*** Opening Exercise data ***

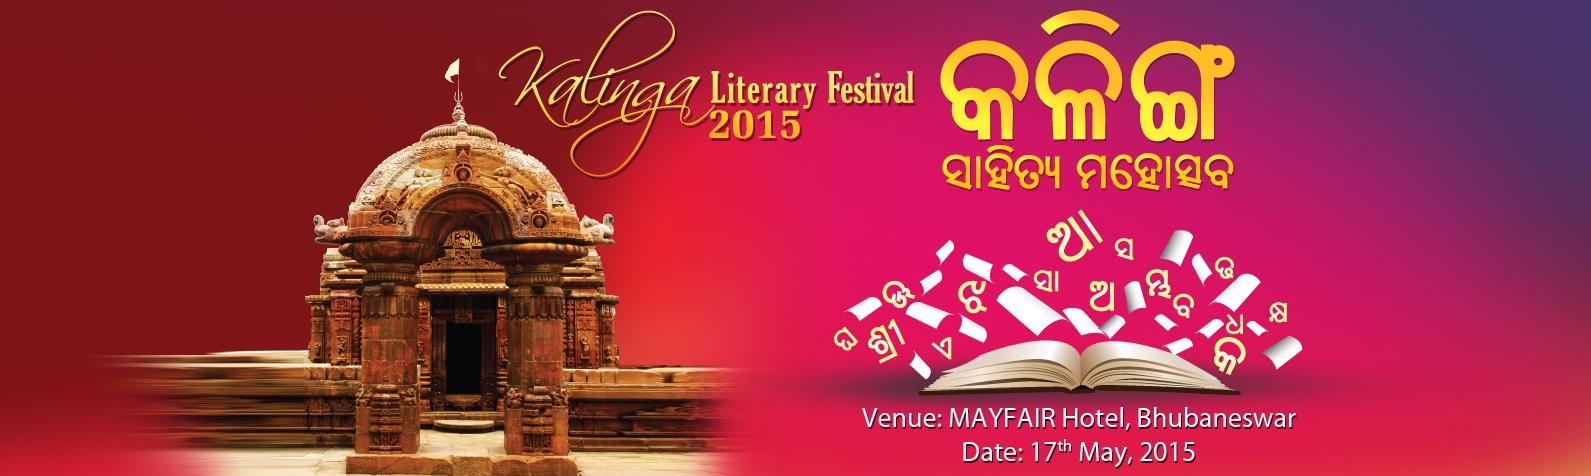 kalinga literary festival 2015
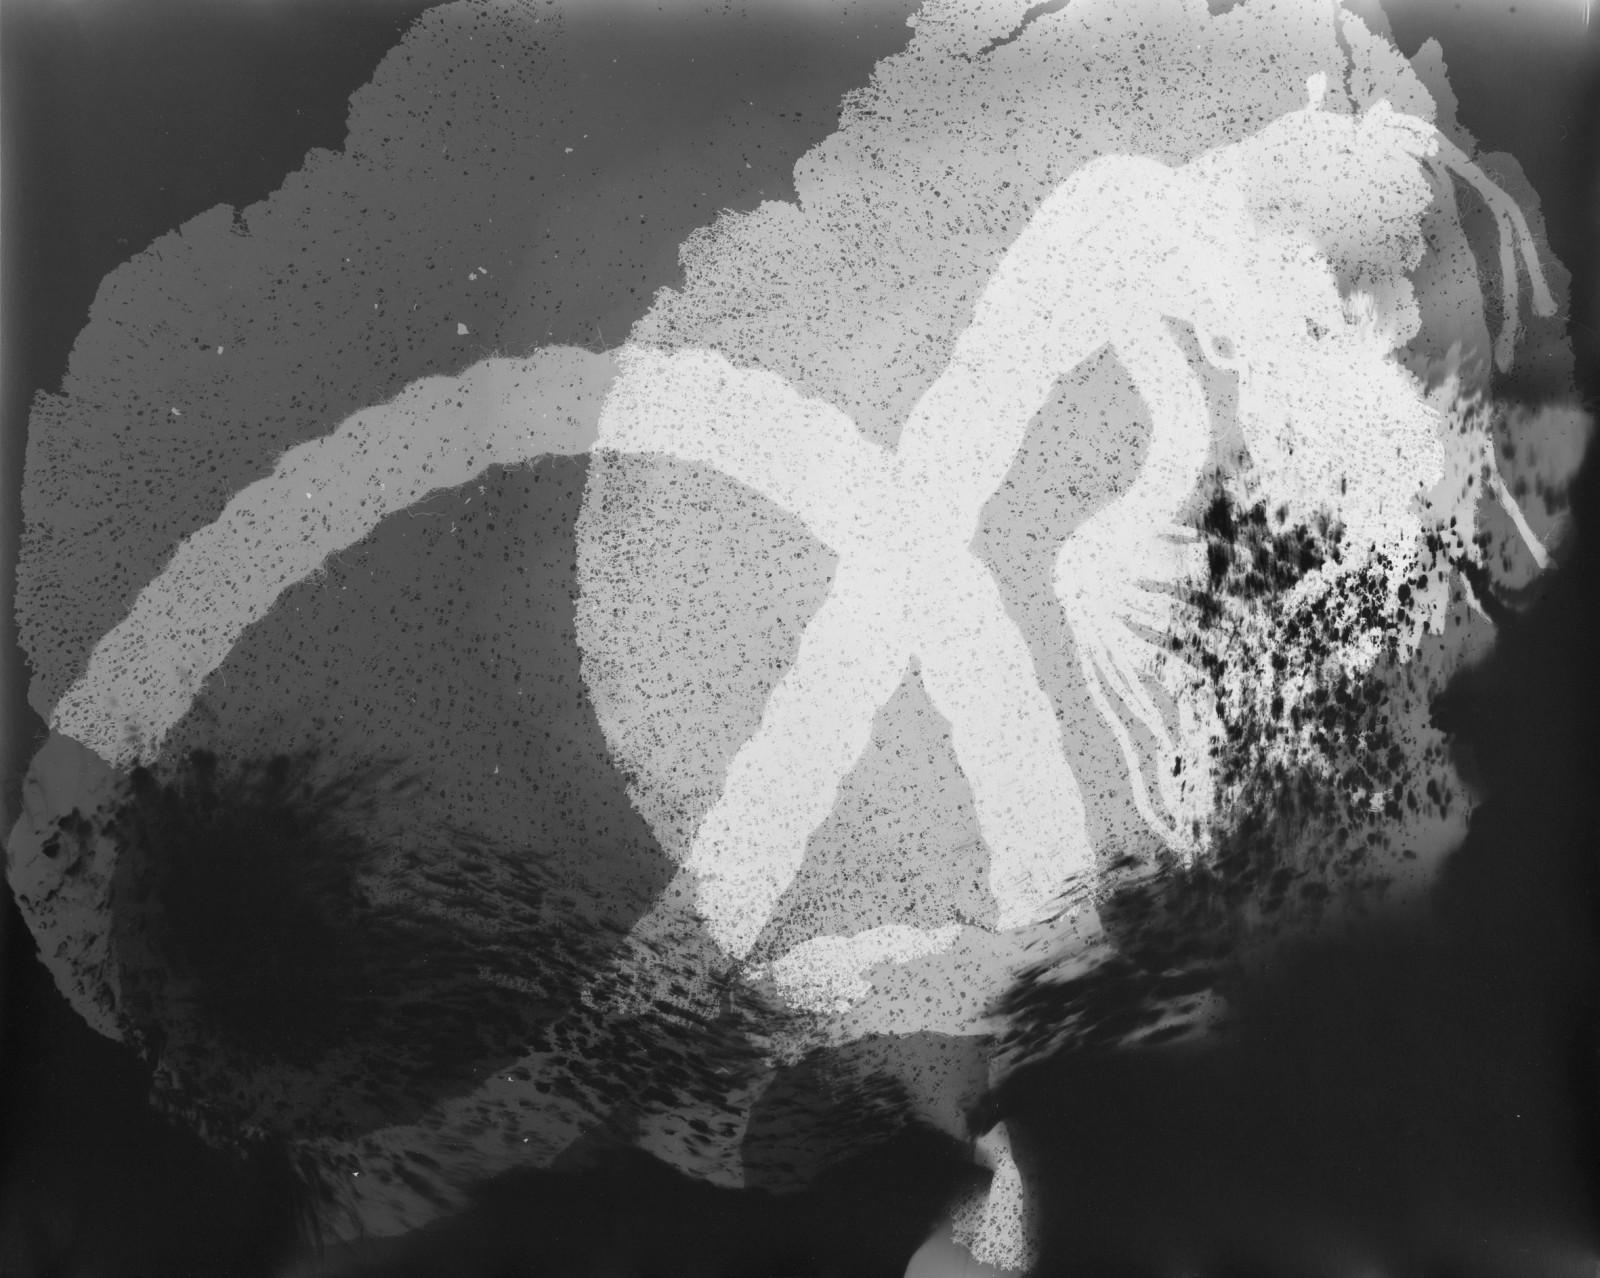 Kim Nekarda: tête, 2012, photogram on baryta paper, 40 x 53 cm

*** Closing Exercise data ***
*** Opening Exercise data ***

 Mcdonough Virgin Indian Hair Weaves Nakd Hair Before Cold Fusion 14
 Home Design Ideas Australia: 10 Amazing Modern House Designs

*** Closing Exercise data ***

### Problem to work on
Reproduce the lines above starting at the one with "kalinga literary festival 2015" and ending at the one with "Kim Nekarda: tête, 2012, photogram", both included, exactly and with no pictures.

### Exercise output
 kalinga literary festival 2015
 Kim Nekarda: tête, 2012, photogram on baryta paper, 40 x 53 cm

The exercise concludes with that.